“The Terror” Invites Readers to Dip a Toe into Haunted Waters (Book Club Pick)
Here at Pressboard, we believe in few things more than the power of a great story. Stories inspire us, galvanize us and move us to tears. They change the way that we view a particular issue or society as a whole. But most importantly, they bring us together.
This passion for storytelling is what originally inspired us to design a platform that allows brands and publishers to connect and craft outstanding content together; now, it’s the driving force behind our book club, which delivers our favourite reads — fiction, non-fiction and everything in between — to your inbox every month. Allow us to introduce our pick for October 2018: Dan Simmons’ The Terror.
In 2016, the skeletal, 168-year-old wreck of the HMS Terror was uncovered in the depths of the aptly named Terror Bay, just off the coast of Nunavut’s King William Island. This ghostly relic of Royal Navy Officer Sir John Franklin’s doomed expedition to find the Northwest Passage sets the stage for Dan Simmons’ chilling work of historical fiction, The Terror.

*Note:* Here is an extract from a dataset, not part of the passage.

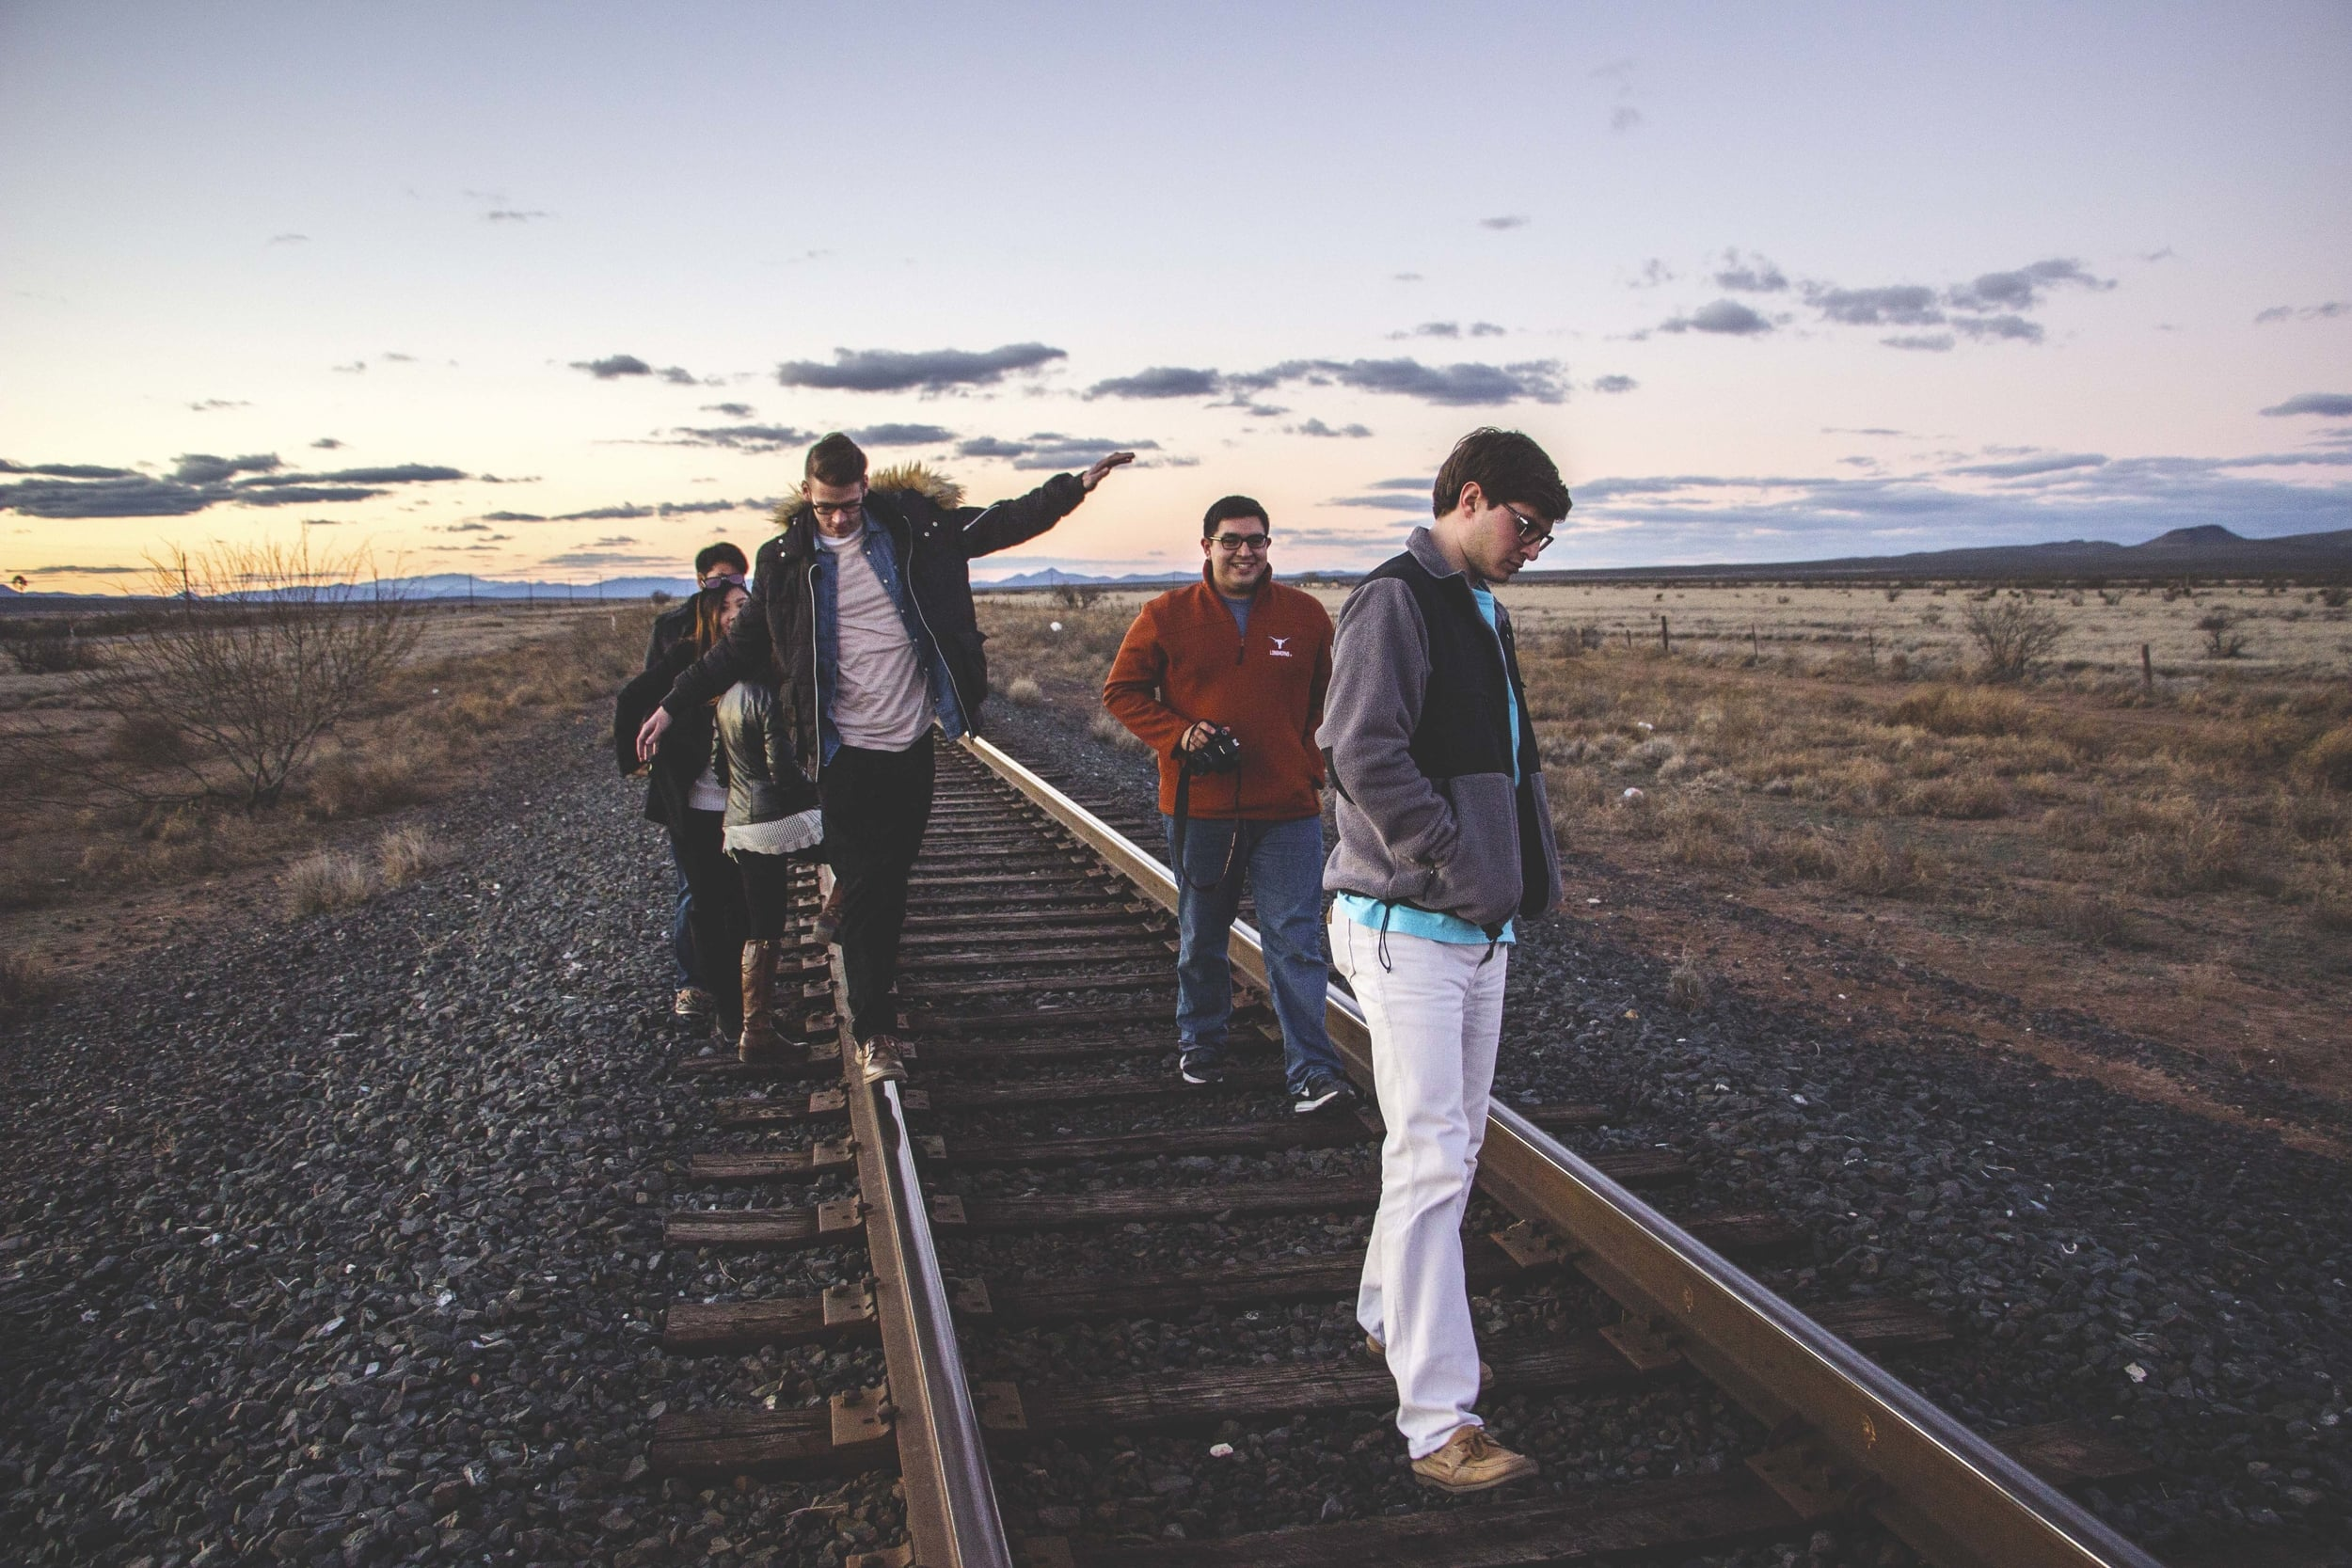 On the train tracks across the road from Prada Marfa.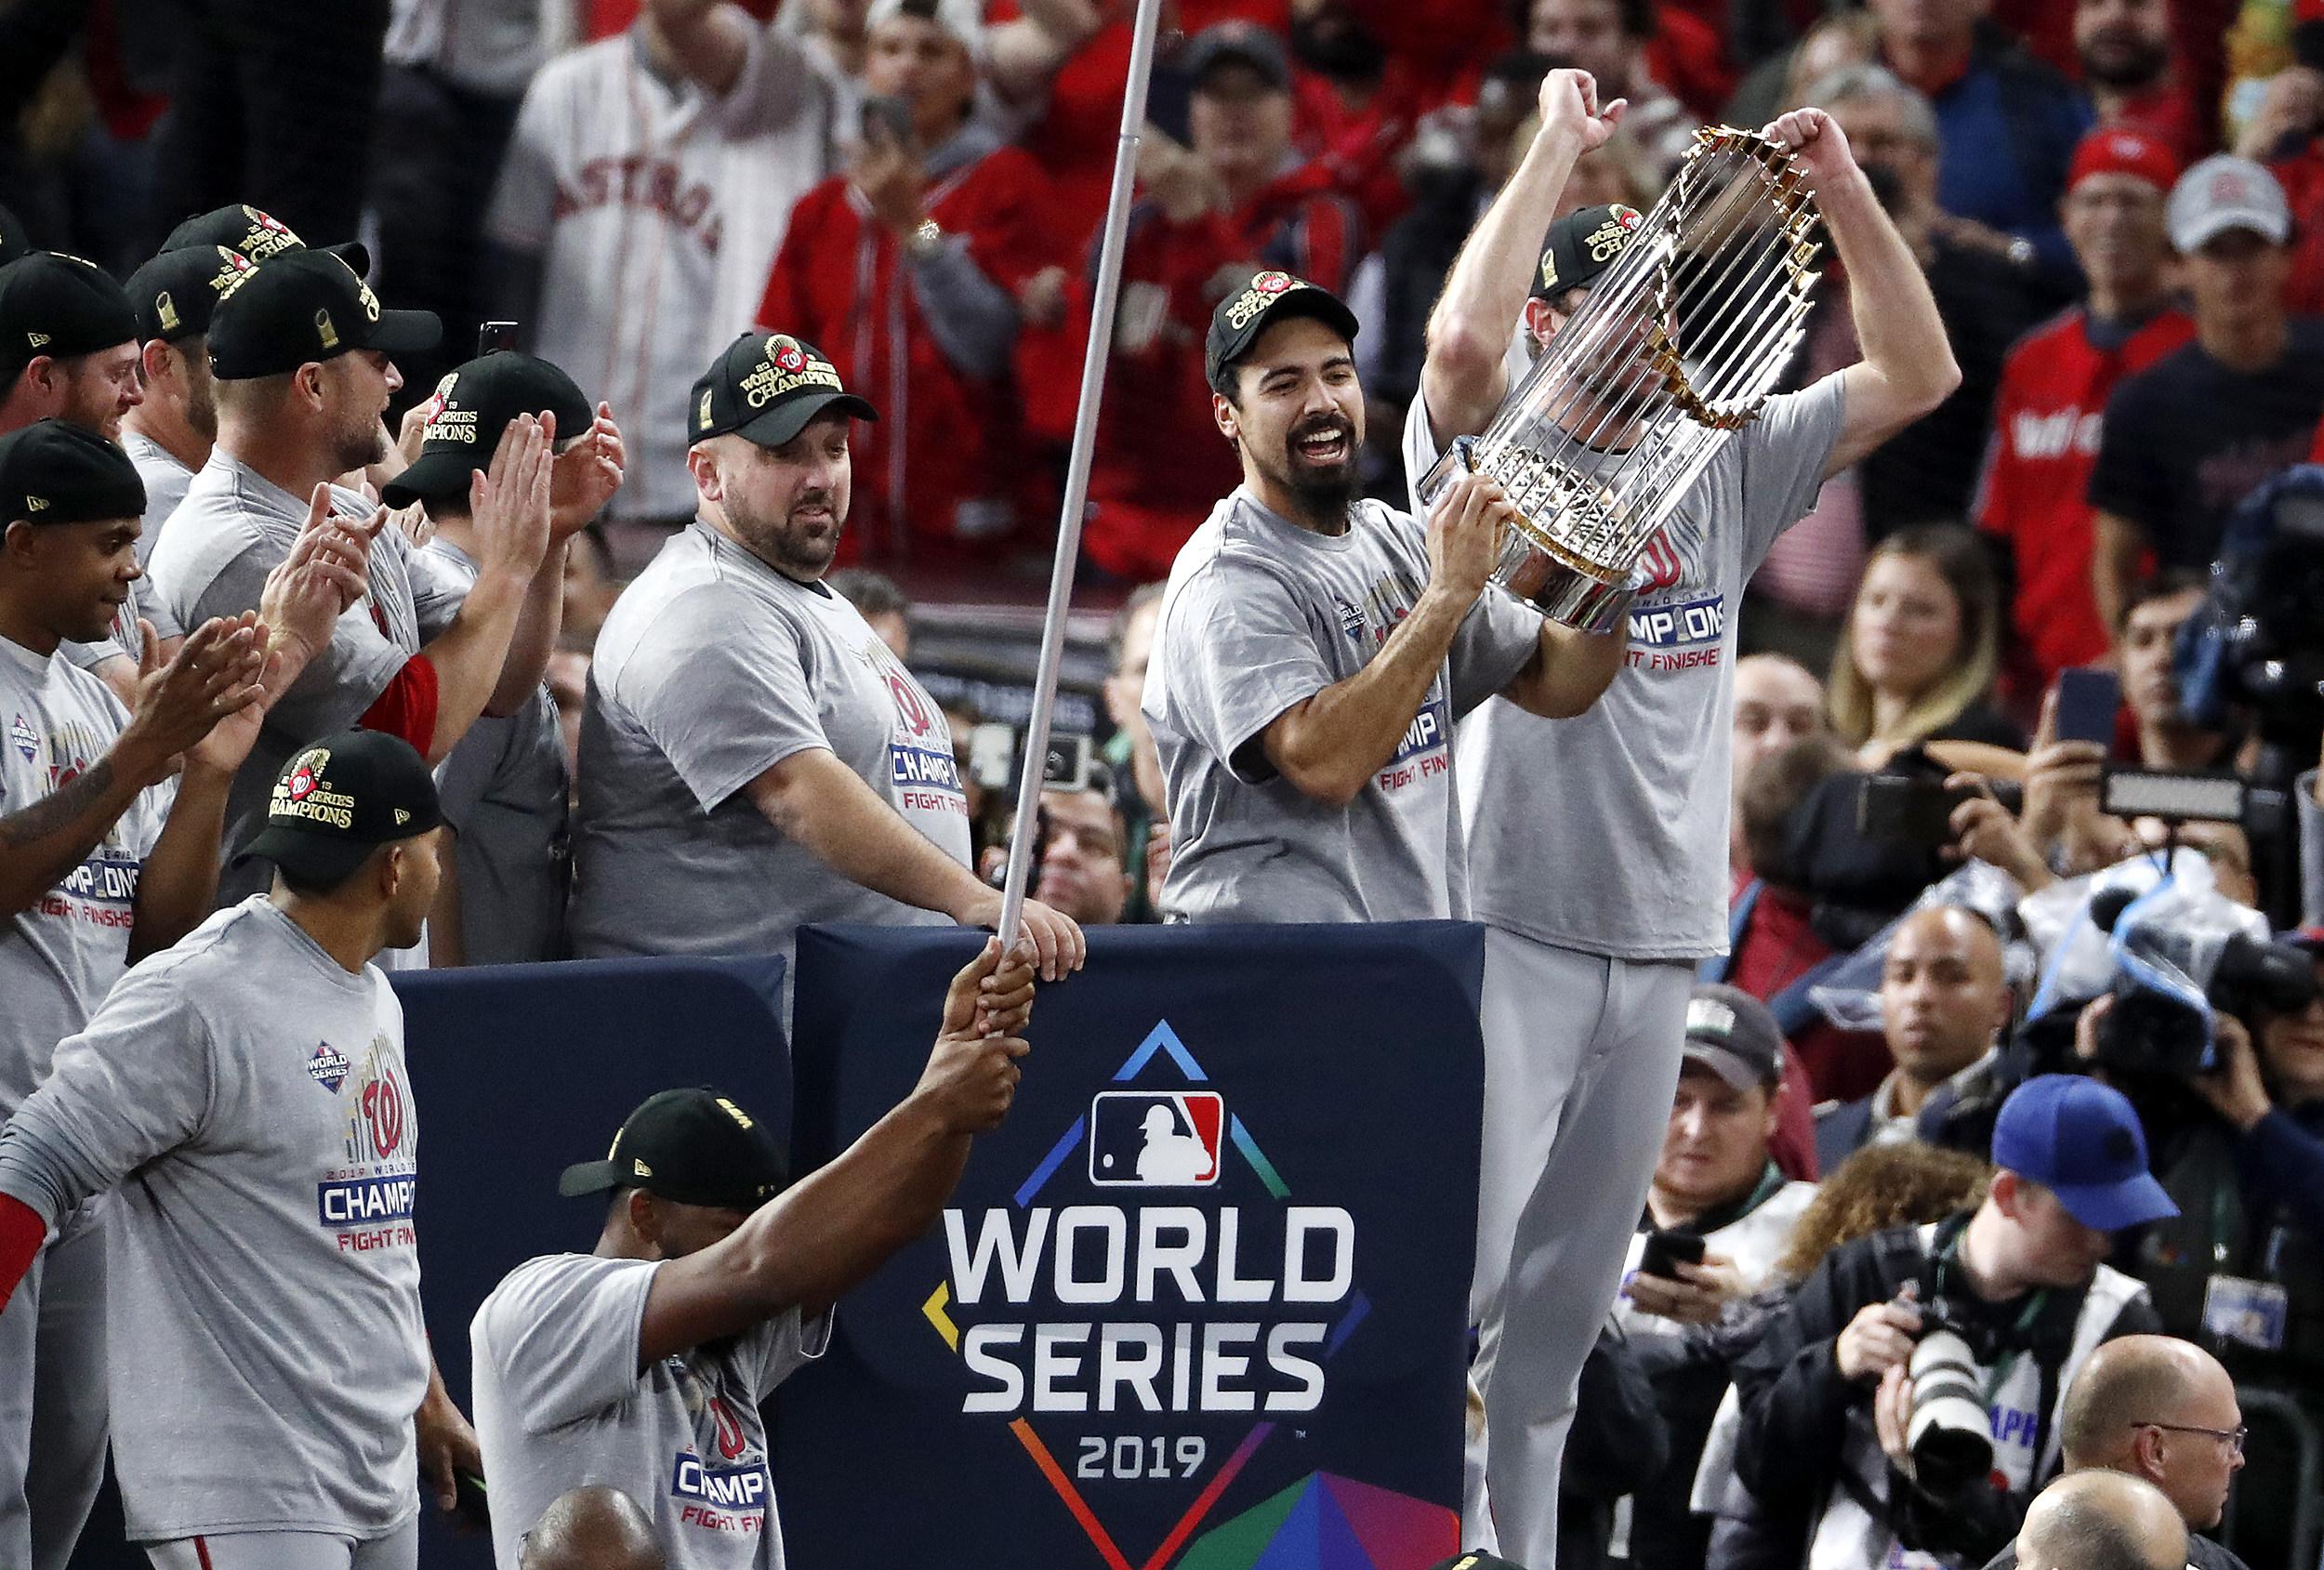 Washington Rallies to Win World Series

Buoyed by the spirit of adventure, Franklin and his crew begin their journey in 1845. By 1846, their ships (the Terror was accompanied by another vessel, the HMS Erebus) are entombed in ice. And by 1848, death, illness, starvation and an unseen horror have taken hold with an icy grip, forcing the remaining men to abandon their ships and set out onto the ice on foot. Unbeknownst to them, however, is the fact that the greatest threat to their safe passage through what we now know as the Canadian Arctic Archipelago lies not in the unforgiving climate, but within their own ranks.
Simmons’ writing is as sharp and relentless as the landscape itself, casting a pallor over the pages that you can feel in your very bones as you read — which, of course, makes it the perfect October pick. But the real magic of this book lies in its portrayal of the enduring power of storytelling. The fate of the HMS Terror and its passengers remained a mystery for a little over a century-and-a-half, which meant that human imagination naturally leapt at the opportunity to fill in the blanks. This has resulted in a rich tapestry of folklore, mythology, oral accounts and historical hypotheses that has been passed down over the years like a game of telephone, shaping and expanding the story as it moves from one mouth (or page, or screen) to the next. Simmons provides his own fantastical solution to the mystery of Franklin’s missing men — which we wouldn’t dare spoil for you here — that embellishes the story even more and makes it sufficiently haunting enough to top our monthly reading list.